All SIEM environments are different, and there’s no set of content that must be enabled or disabled. But there’s very likely content in your environment that can be disabled, and the system resources can instead be used to provide security analysts better search response times. So on a regular basis or whenever there’s a complaint about search response times or application instability, determine if there’s any content that can be safely disabled.

Effective Searching

There are two critical reasons end users should learn how to search their SIEM effectively. Ineffective searching is a risk to your organization, where end users can produce inaccurate data, and thus provide inaccurate investigation results. Ineffective searching can also degrade the SIEM’s performance, increasing the amount of time required for analysts to obtain data, while affecting the overall stability of the system.

If a security analyst is asked to perform an investigation and searches incorrectly, the results for a query on malicious traffic may return null when in fact there are matches.

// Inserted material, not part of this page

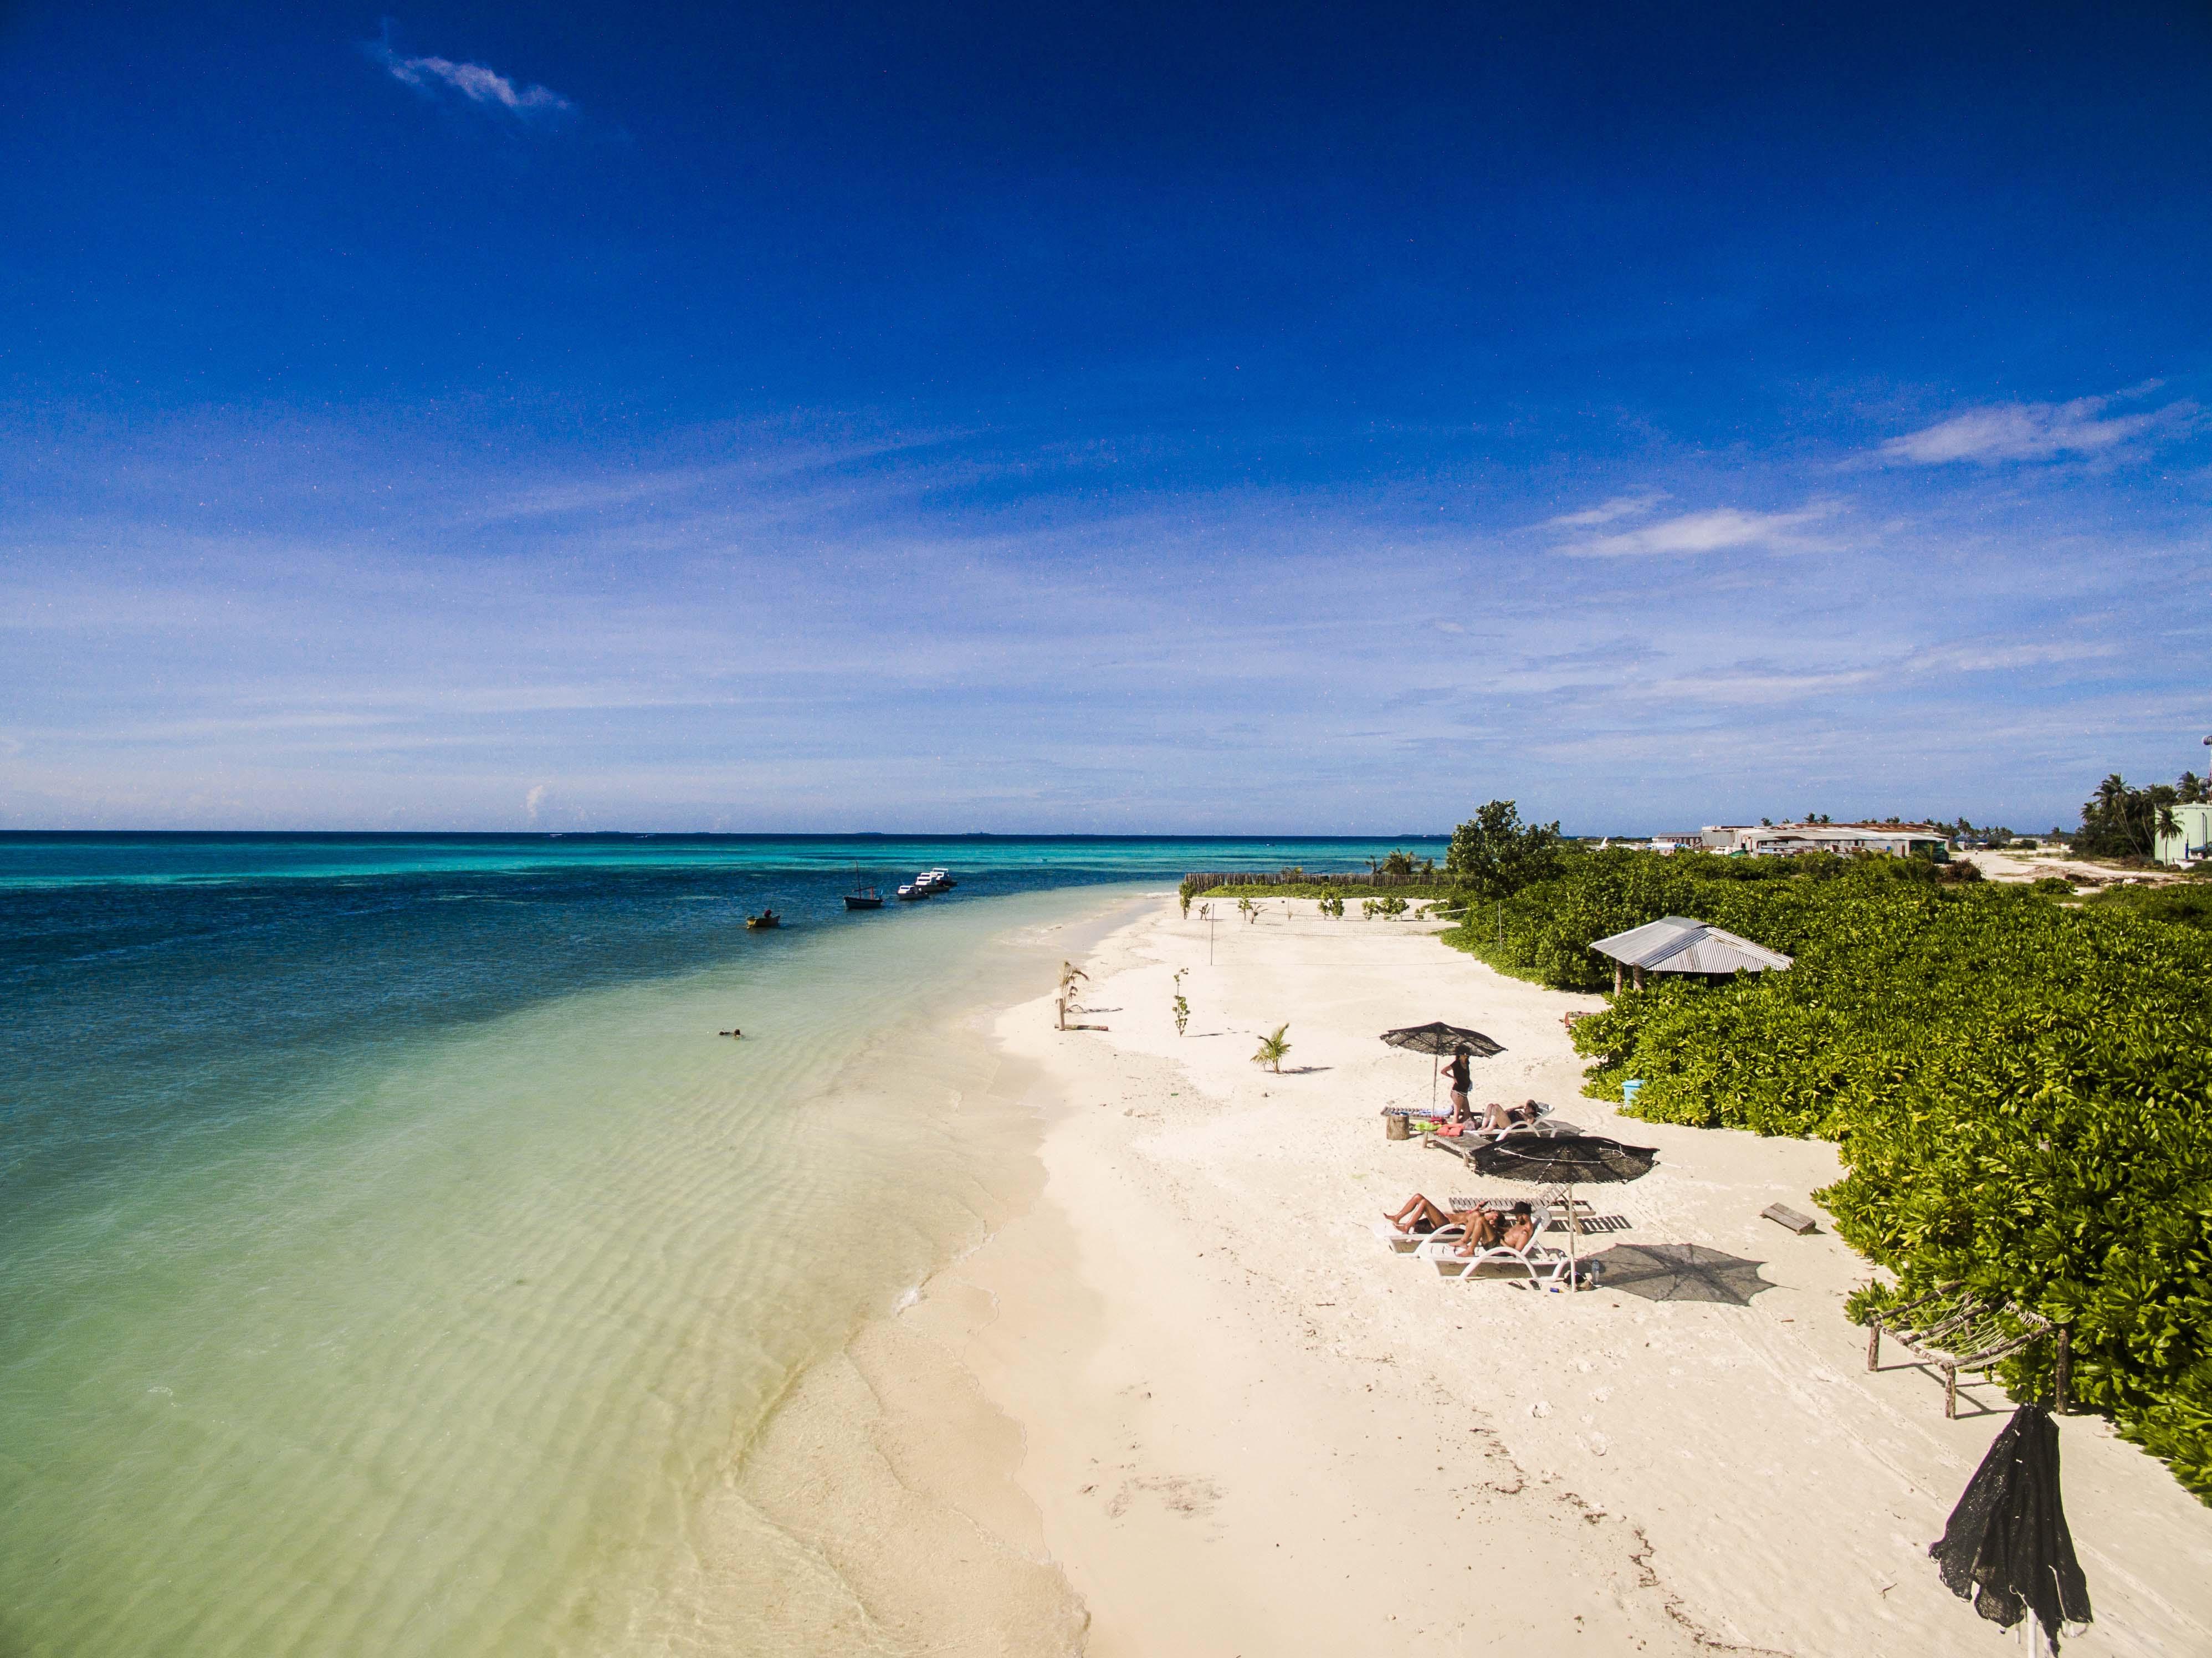 Lacabana Maldives  A Dh Maamigili Island (19)

A compromised user account may be generating significant log data, but your analysts can’t obtain logs for it because they are searching for “jsmith” instead of a case-sensitive “JSmith.” End users can also match on incorrect fields, believing they are finding the correct data when they are not.

Ineffective queries can lengthen the amount of time required to complete them, and increase the system resources used by the SIEM. Many queries can improved to significantly increase their performance, making the end user happier with a faster response time, and a healthier system that has more CPU and RAM to work on other tasks. A simple rule of thumb is to match as early in the query as possible to limit the amount of data the system searches through. Searching for data in particular fields rather than searching all fields is also a way to reduce the amount of processing the system must do. Additionally, some SIEM tools allow you to easily check for poorly performing queries. For example, Splunk’s Search Job Inspector can not only show you which queries are taking the longest, but even which parts of the query are taking longer than others, allowing you to optimize accordingly.

It’s also common for security analysts to get requests for excessive data. In many cases requestors will ask for more information than is required in order to let them drill-down into the information they need, instead of having to submit multiple requests for data. For example, there may be a request to pull log data on a user for the past two months, when all that is required is some proxy traffic for a few days. These types of requests can be resource-intensive on SIEMs, especially if there are multiple queries running simultaneously. The impact can be more severe when the queries are scheduled reports. Scheduling multiple, large, inefficient queries on a regular basis can consume a significant amount of system resources. With a few inquiries to the requestor, the security analyst may be able to significantly reduce the amount of data searched for.

While ineffective searching is a risk, it’s a simple one to reduce. Training sessions, lunch-and-learns, or workshops can significantly reduce the risks of analysts searching incorrectly and consuming unnecessary system resources. I find a simple three-page deck can provide enough information to assist analysts with searching, highlighting the tool’s case sensitivity, common fields, and sample queries. Nearly all SIEM vendors offer complimentary documentation that will show you how to search best with their product. Thus, a few hours of effort can reduce searching risks while optimizing your SIEM environment.